[Start of section]

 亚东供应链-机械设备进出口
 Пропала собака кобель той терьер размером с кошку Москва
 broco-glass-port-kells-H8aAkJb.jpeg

[End of section]

Return, exactly as written, the "Пропала собака кобель" line and each line after it through the end of the listing above.

 Пропала собака кобель той терьер размером с кошку Москва
 broco-glass-port-kells-H8aAkJb.jpeg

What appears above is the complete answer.